Do NLP Entailment Benchmarks Measure Faithfully?

Frederick A. Cook’s picture of Ed Barrill atop a peak claimed to be Denali but actually 15,000 ft lower.

Recognizing Textual Entailment

Several NLP benchmarks test for semantic understanding. One such is Recognizing Textual Entailment (RTE): Given two sentences, a premise P and a hypothesis H, decide if we can conclude H given P. This comes in two flavors. For binary RTE, the answer may only be yes or no. For ternary RTE a third possible answer is that P and H are contradictory.
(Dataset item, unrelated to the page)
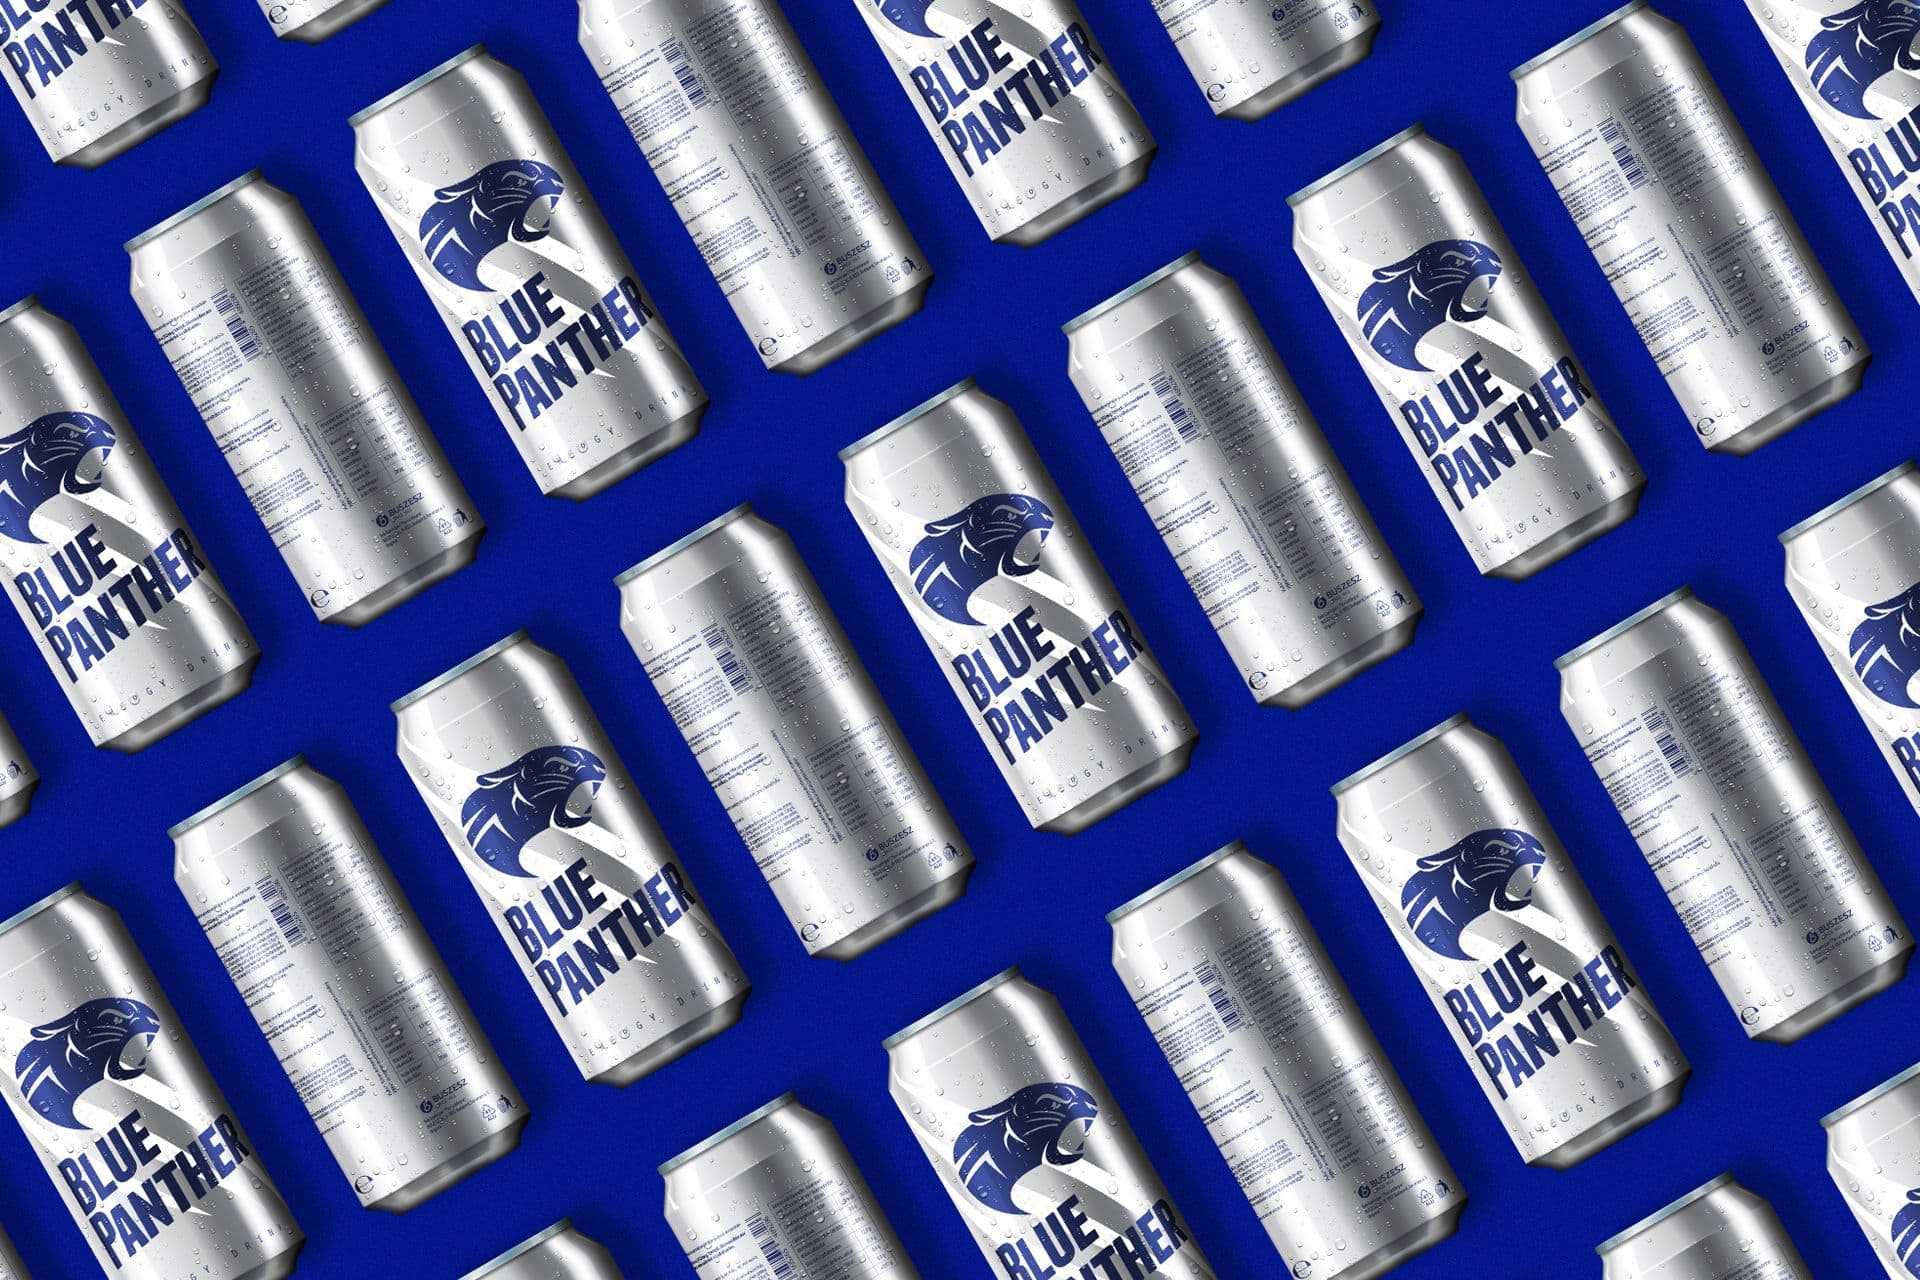 Diseño de marca y packaging para bebida energética. Euroxeline, 2016.

My Worry and Argument in a Nutshell

I question the ability of the current benchmarks to evaluate entailment. If the RTE benchmarks don’t faithfully measure strength on the actual RTE problem, we should be cautious of claims such as (Sammons et al., p. 4) “A system that performs well on these corpora could be said to have achieved a good “understanding” of natural language text”.

Why I Write This

I care.

Benchmark Creation is Hard Work

And I am grateful that folks do this. Having a great set of examples on which we can test models and learn is great. What I want to get from testing a model on a benchmark is a detailed sense of a model’s shortcomings. What I am criticizing is the current practice of just extracting one number from it — the accuracy. Perhaps we do not even get one number — we get a single bit: SOTA-or-Not.


We begin by looking at how meaning is not fully captured by words alone. We then look at how these issues cloud the RTE benchmarks.

Extra-textual Meaning

Inert marks on a page and mere sounds get suffused with meaning as we read and listen. While the words themselves trigger this genesis of meaning, they do not fully determine it. Other contributors are our knowledge, the situational context, the words’ connotations, and the active piecing together we engage in. Just as a DNA needs the cytoplasmic environment to express, and just as it produces different proteins depending on the specifics of the surrounding chemical soup, words become meaningful in the right environments, and the same words may mean different things in different contexts and different minds.

The Listener’s Knowledge

I don’t speak Estonian, and an Estonian sentence means nothing to me. More pertinently, I don’t speak Pharmacology, Nephrology, or Eschatology, although I recognize a few phrases. Words that paint a vivid picture for you may mean nothing to me, or sketch something incomplete and misleading.

The Conversational Context

You have uttered this sentence more than once: “Thursday. ” What you conveyed each time was not identical, nor even the same “speech act”: sometimes you provided information, sometimes made a suggestion, sometimes corrected. The sentence, divorced from the situation, cannot thus tell the full story of the intended meaning.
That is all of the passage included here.